Sunday, January 5, 2014

Shakesblogging 450: Happy Twelfth Night!

Fulfilling my resolution to post more regularly, even if it's just idle and random thoughts about Shakespeare:

Today is Twelfth Night, and who doesn't love Twelfth Night? It's certainly one of my favorites, at least most of the time. (I always have problems answering the "what is your favorite Shakespeare play?" question, because I change my mind all the time, and I certainly can't pick just one anyway. Shakespeare is awesome because he's varied. But Twelfth Night is delightfully varied in itself, so it is a pretty good pick.)

Anyway, I've just been thinking: I really like Orsino. Students tend not to like him all that much, because yeah, he is silly and self-dramatizing and "in love with being in love" (somebody always uses this exact phrase, every single time I teach this play). And he does say some dumb, sexist things, although it's hard to take him seriously when he turns around and says the opposite thing five minutes later. Opals and changeable taffeta, indeed.
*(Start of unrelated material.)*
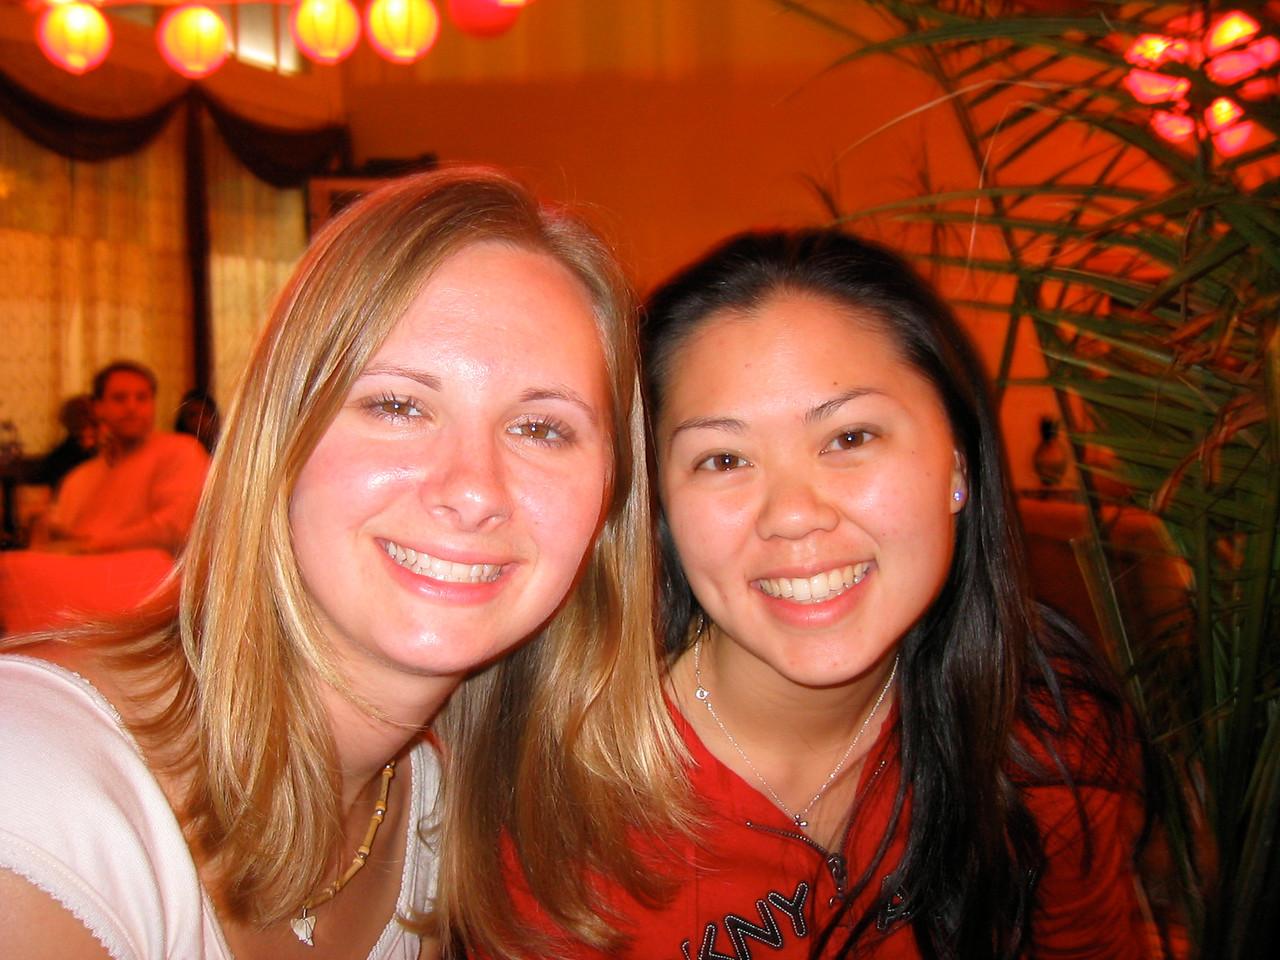 2004 05 15 Saturday - @ Everett & Jones back room jazz - Melody & Tiffany 2
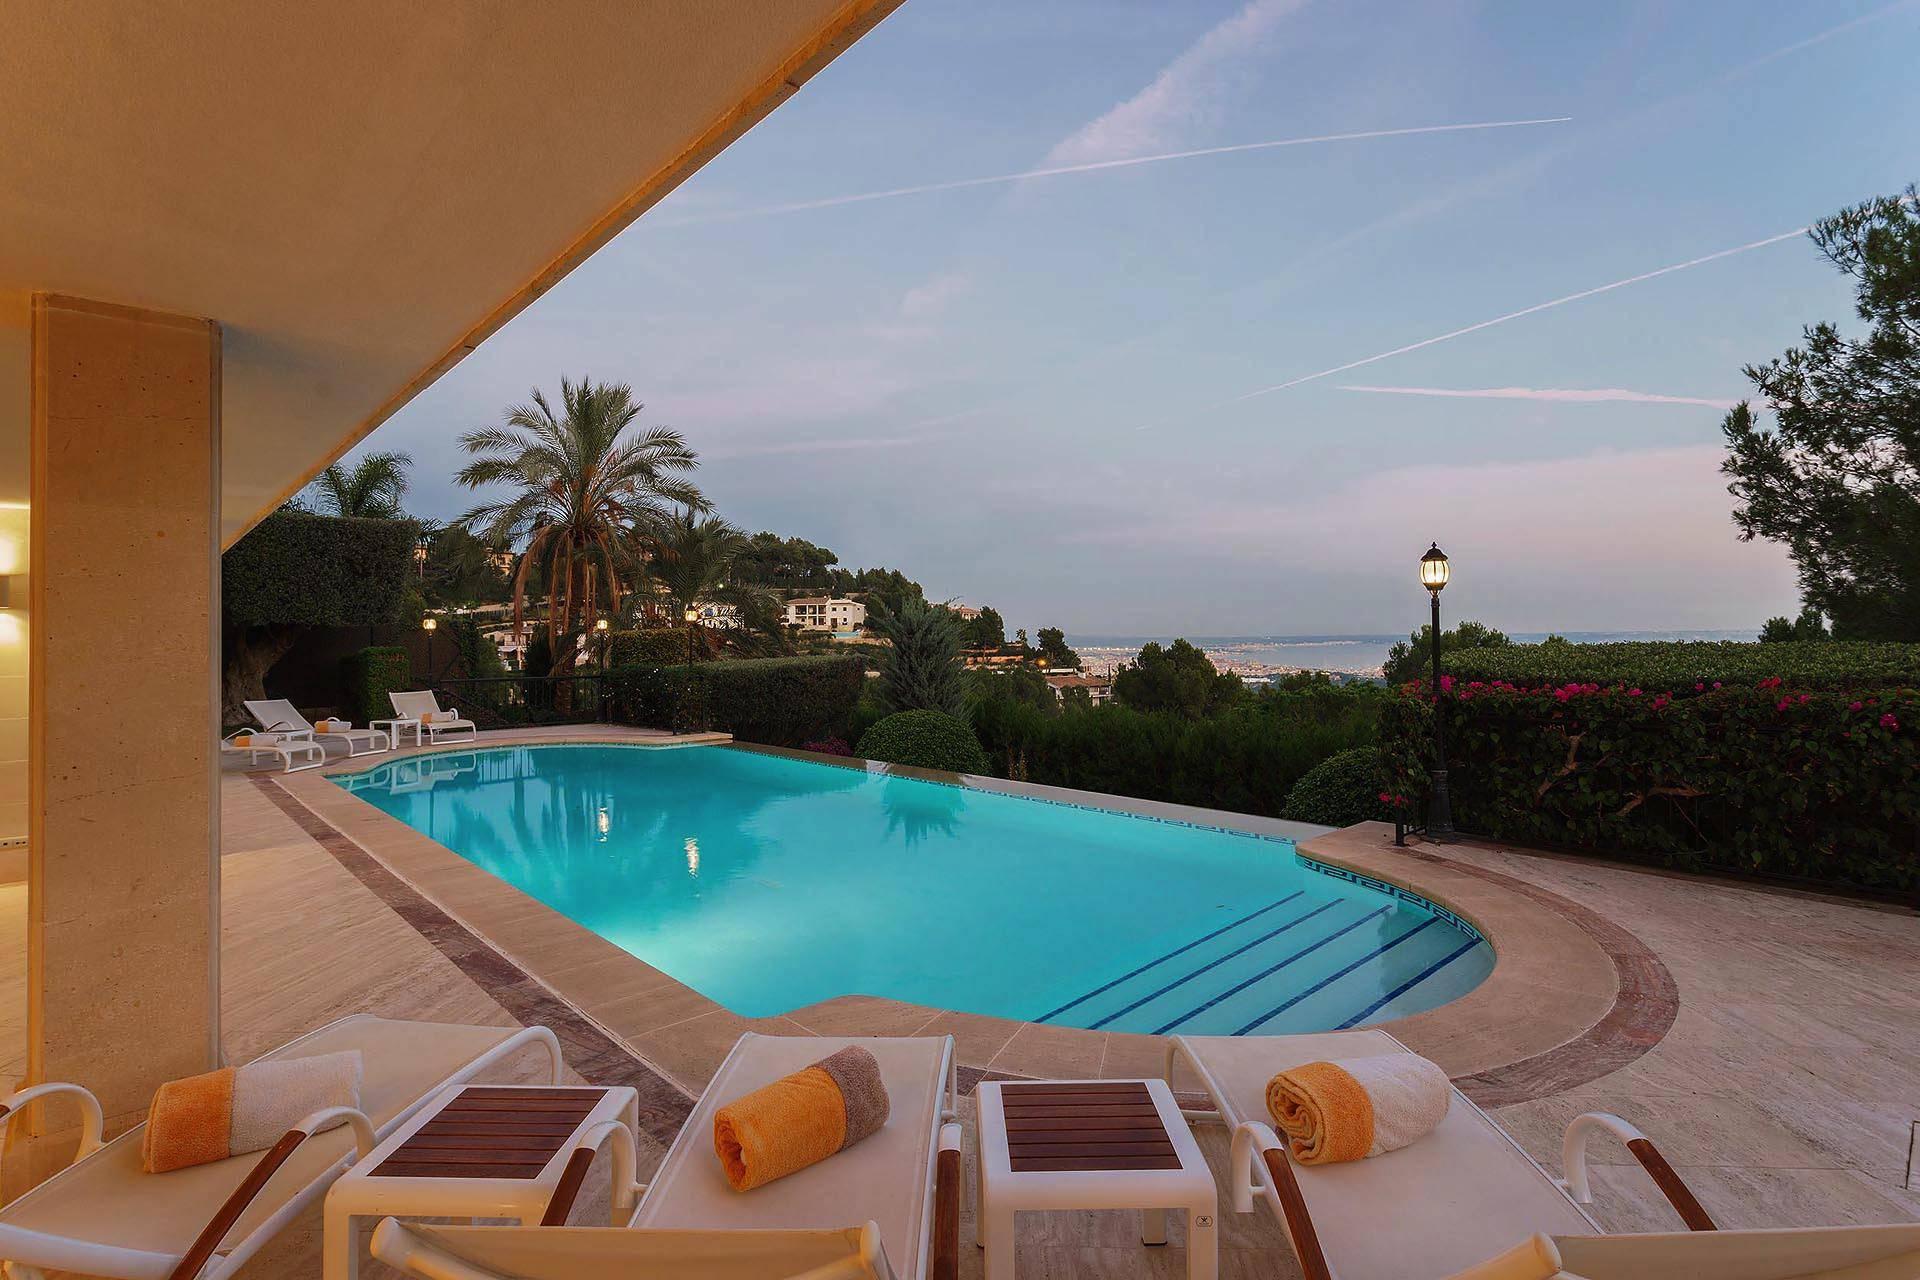 01-280 großzügige Villa nahe Palma de Mallorca Bild 16

So by the end of Act One, you can see exactly why Olivia doesn't want him, but you also see why Viola does. Because she gets to know him as his servant, and this is a man who is consistently polite and generous to his social inferiors. Valentine assures Viola that he's not "inconstant in his favors" where his servants are concerned; he also accepts Feste's teasing with good grace and insists on paying him properly for his song, even when Feste insists that it's no trouble at all. It's a nice little set of character notes; and it's particularly nice that he starts to get over his posing and eventually wakes up to Viola's love for him because he listens to his servant. He doesn't just treat "Cesario" as a convenient sounding board; he asks questions, pays attention to the answers, and apparently remembers every word of it later ("Boy, thou hast said to me a thousand times / Thou never shouldst love woman like to me.")

(All this characterization, by the way, for someone who isn't even in the play all that much -- he's got a grand total of four scenes and fifty-nine speeches, and disappears for two whole acts in the middle. Orsino is right up there with Shylock, in terms of being a presence without actually being present all that much.)